If _content_length is less than _document_length, then _content_length
is surely incorrect, or wasn't given, as it should always be greater than
or equal to _document_length. So, I think the logic above still makes
sense. Certainly for non-chunked input, that's the way it should be
done. For chunked input, you may want to do it differently, but you
do have to allow for the possibility that _content_length will be larger
than _document_length (see below).

> Well, as far as ReadChunkedBody() is, there's another problem. We don't use
> max_document_size attribute, and I have no idea on how to use it (but
> closing the connection as the size has been reached -- in this way I'll
> never know how much the content-length is). That sucks ;-(
>
> Any ideas?

Yes, it occurred to me late yesterday that this was a problem. It seems
to me that the only option is to read the entire chunked input, to get
the correct length, but only append a maximum of max_doc_size bytes to
the _contents string. Then, _document_length will be set to the length
of this string (i.e. it will not exceed max_doc_size), but _content_length
will be set to the total length of all chunks.

...
> I found the answer ... and I hope I'll get to be clear in the explanation.
...

That really clarified things. Thanks for the research.
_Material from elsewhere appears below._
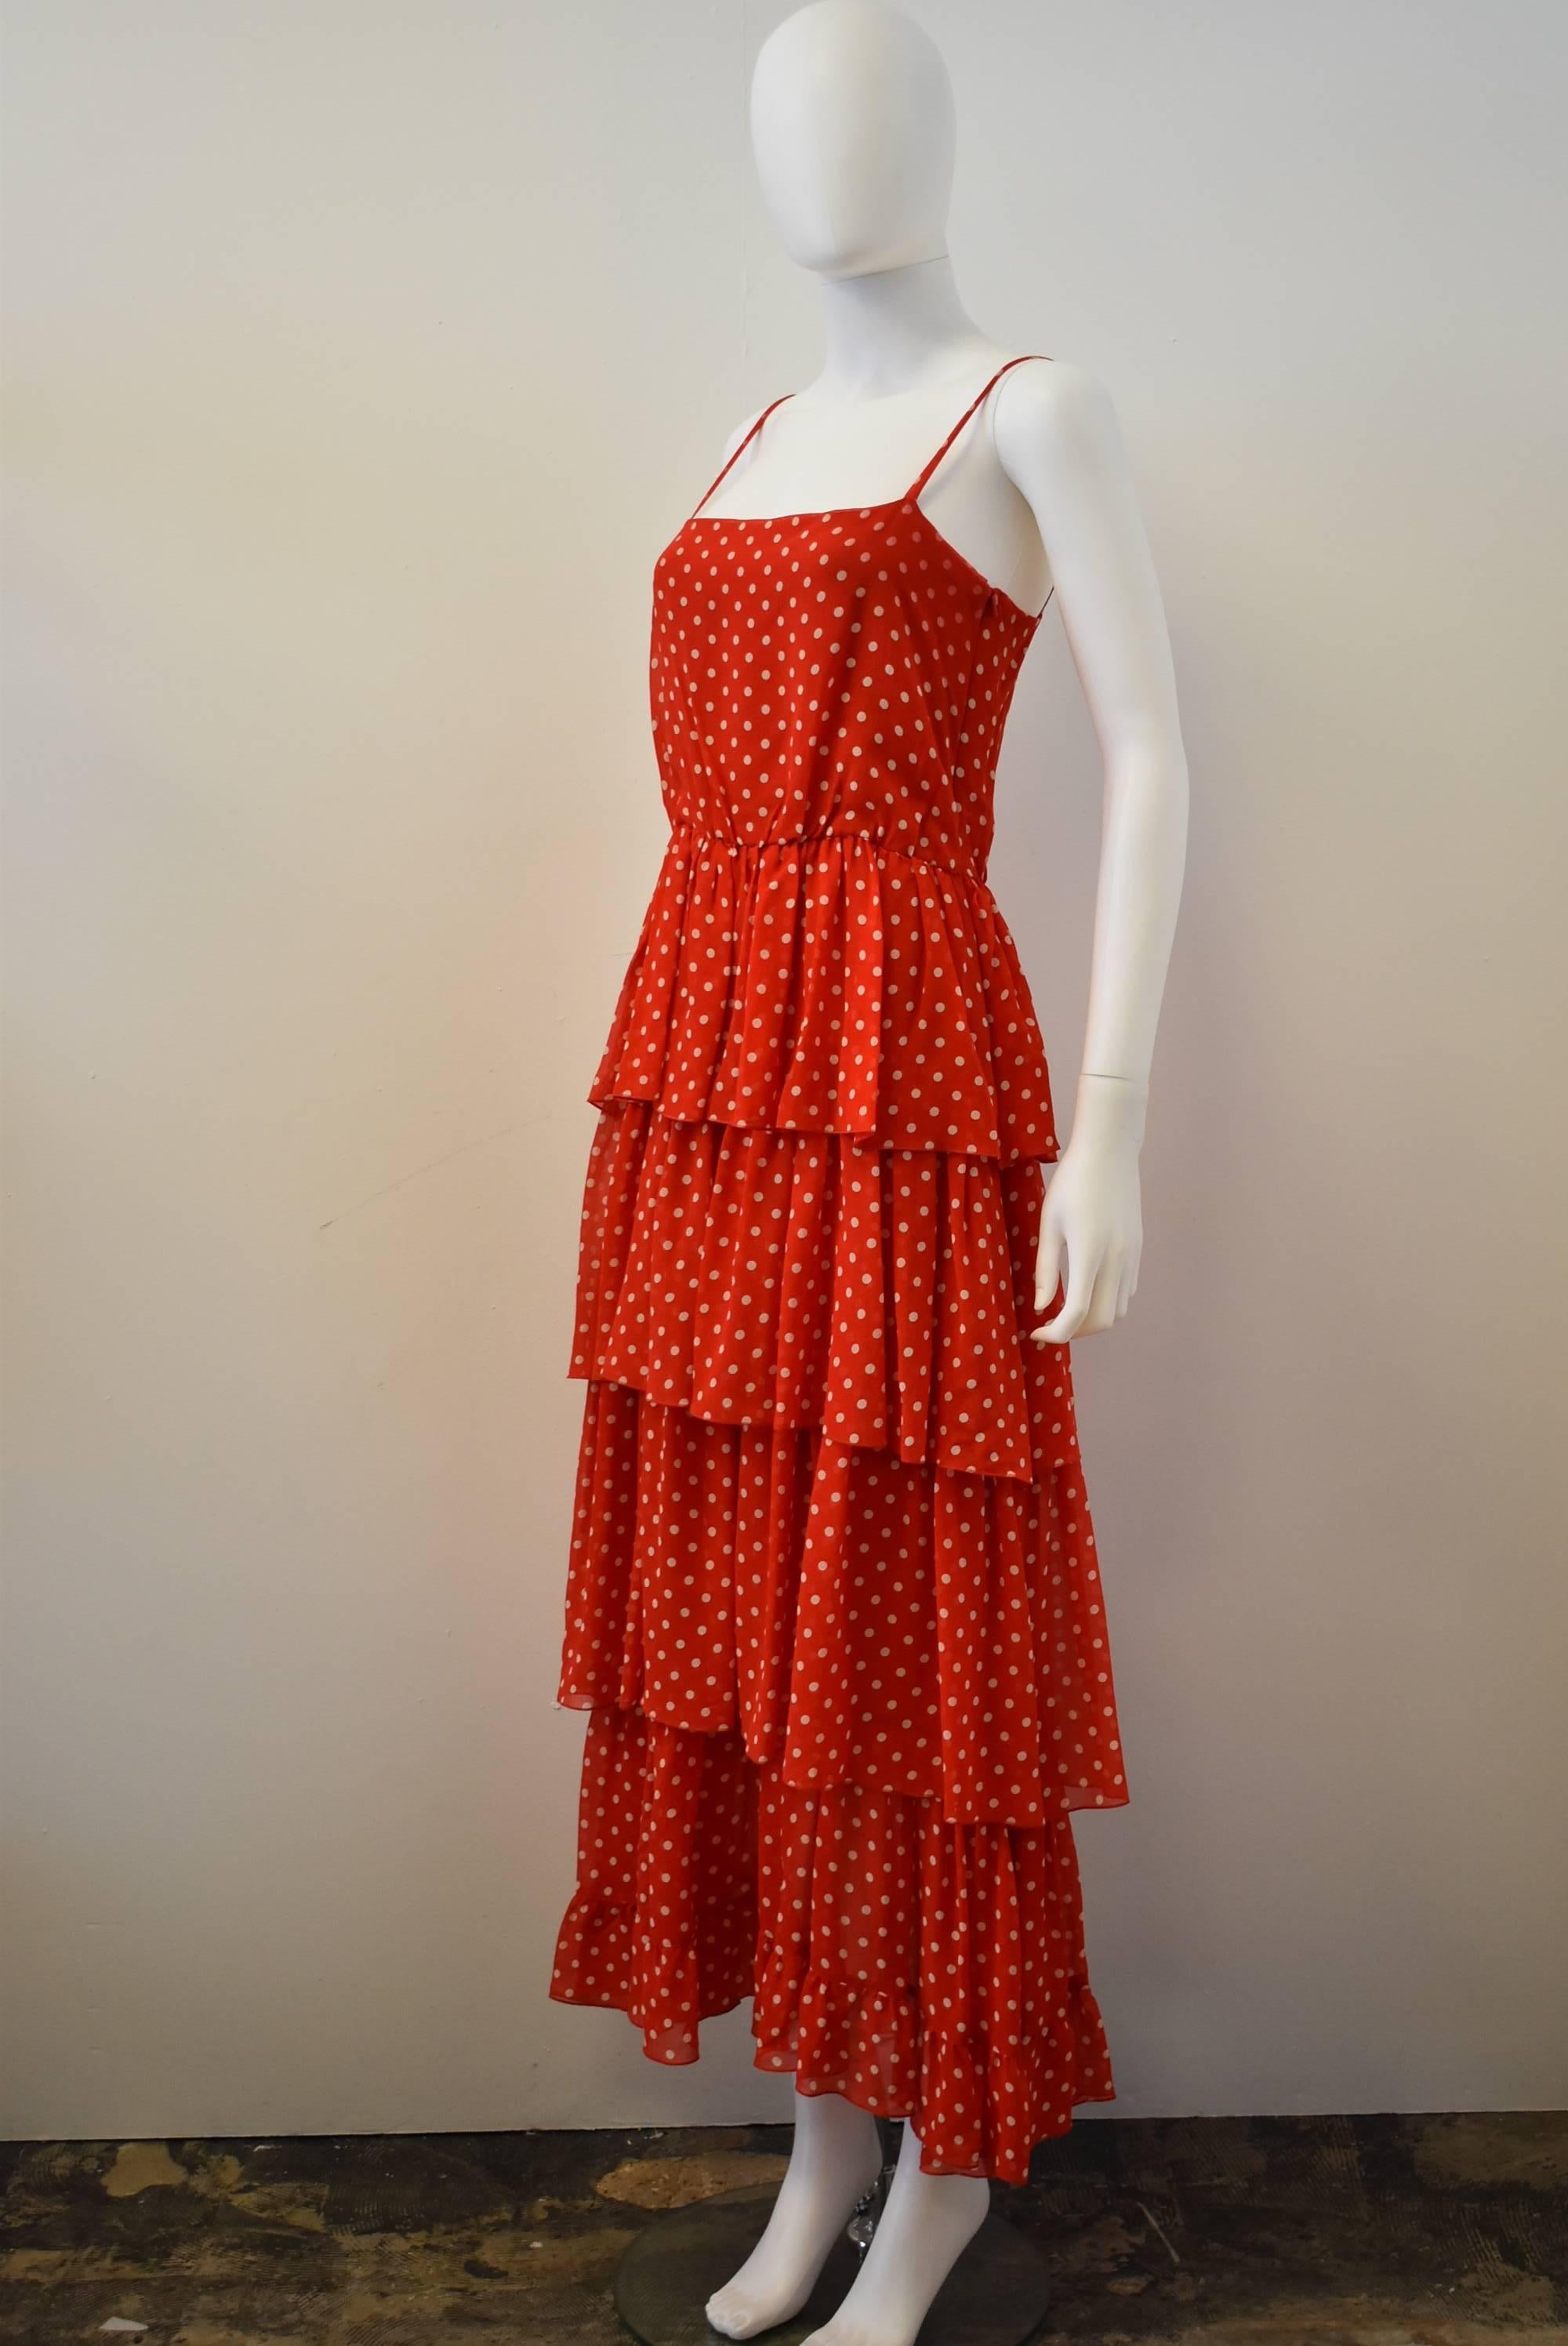 This Guy Laroche dress dates back to the 1970s. The dress is made from a red and white polka dot printed silk chiffon fabric. The dress is cut in tiered ruffles very reminiscent of the peasant style of the 70s. The dress also has spaghetti straps,

> << All HTTP/1.1 applications that receive entities MUST accept the
> "chunked" transfer-coding, thus allowing this mechanism to be used for
> messages when the message length cannot be determined in advance. >>
>
> Is htdig an HTTP/1.1 applications? I suppose yes ...

Yes, that was our goal, so obviously if we want to support HTTP/1.1,
we must accept chunked input - which we do - but we must also make sure
max_doc_size is respected, even if that means reading and discarding
any extra output from the server.

> And finally let's get to the point:
>
> << Messages MUST NOT include both a Content-Length header field and a
> non-identity transfer-coding. If the message does include a non-identity
> transfer coding, the Content-Length MUST be ignored. >>
>
> Any assesments and considerations?

That's pretty clear! So, when reading chunked input, we must calculate
the total length of all chunks (whether kept or not), and ignore/override
any Content-Length header we came across.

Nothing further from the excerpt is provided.